Microwasm (working title) is Wasm-compatible format that can be efficiently consumed by runtimes and efficiently produced by compilers like LLVM. It’s currently implemented in the Microwasm branch of Lightbeam. The main goals are as follows:

It should be relatively easy to implement each of the following three steps:
- Compiler IR->Microwasm;
- Wasm->Microwasm;
- Microwasm->Native.
It shouldn’t sacrifice any of WebAssembly’s guarantees on safety or determinism.
We should maximise the amount of useful information transferred from the compiler producing the Microwasm to the runtime consuming the Microwasm.
We should optimise for performance when consuming a stream of Microwasm, unless it conflicts with the performance goals of optimising compilers.
Converting Wasm to Microwasm must be possible to do in a streaming way, you shouldn’t need to block on loading a whole Wasm function before you’re able to produce Microwasm.
Wasm to Microwasm and then that Microwasm to native code should be precisely as performant as compiling the Wasm to native directly.

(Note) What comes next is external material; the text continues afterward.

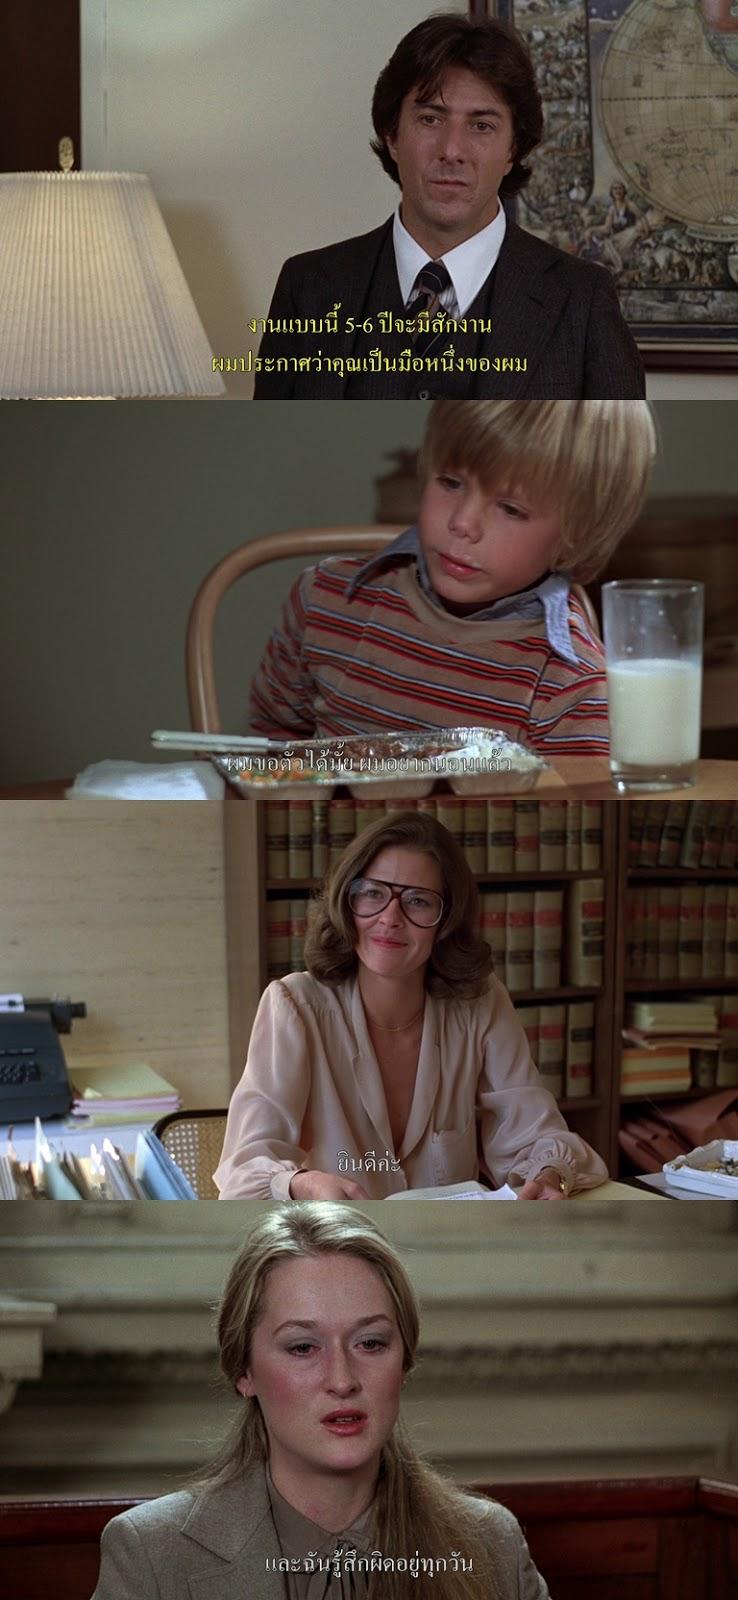 [MINI-HD] KRAMER VS. KRAMER (1979) พ่อ แม่ ลูก [1080P HQ] [เสียงไทยมาสเตอร์ 5.1 + ENG DTS] [บรรยายไทย + อังกฤษ] ZAKKY-KMM

The last two points are the most important in my opinion. Basically what it means is that in the backends of Wasmtime we can just wrap the incoming Wasm stream in a streaming converter to Microwasm and consume that instead. This means our backends have the benefit of consuming a simpler language while not producing worse code. This means that while Wasm can enjoy the same performance that it already does, if a compiler wants to make use of Microwasm’s abiliy to allow improved performance then it can. Writing a Microwasm backend for most compilers would be much, much less costly than writing a Wasm backend and so it’s not like we have to convince compiler developers to maintain two equally huge backend codebases.

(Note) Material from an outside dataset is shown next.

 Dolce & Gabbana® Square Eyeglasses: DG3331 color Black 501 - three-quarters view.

So how does it compare to WebAssembly? Well here’s a simple function from the Wasm specification tests:

(module
  (func (param i32) (param i32) (result i32)
    get_local 1
    (block (result i32)
        get_local 0
        get_local 0
        br_if 0
        unreachable
    )
    i32.add
  )
)

Here’s that Wasm compiled to Microwasm:

.fn_0:
  pick 0
  pick 2
  pick 3
  br_if .L1_end, .L2
.L2:
  unreachable
.L1_end:
  i32.add
  br .return

The immediate differences in the format as it exists now:

No locals - arguments are passed on the stack when entering a function and locals are emulated by adding swap and pick instructions. This essentially means that set_local, get_local and tee_local are a no-op at runtime, they only affect the virtual stack;
Only CFG control flow, no hierarchical blocks like Wasm - this was modelled on the Funclets proposal for Wasm;
No block returns - only calling new blocks. Returning from a function is br .return. This isn’t proper continuation-passing style, but it’s close enough that we get many of the simplicity benefits.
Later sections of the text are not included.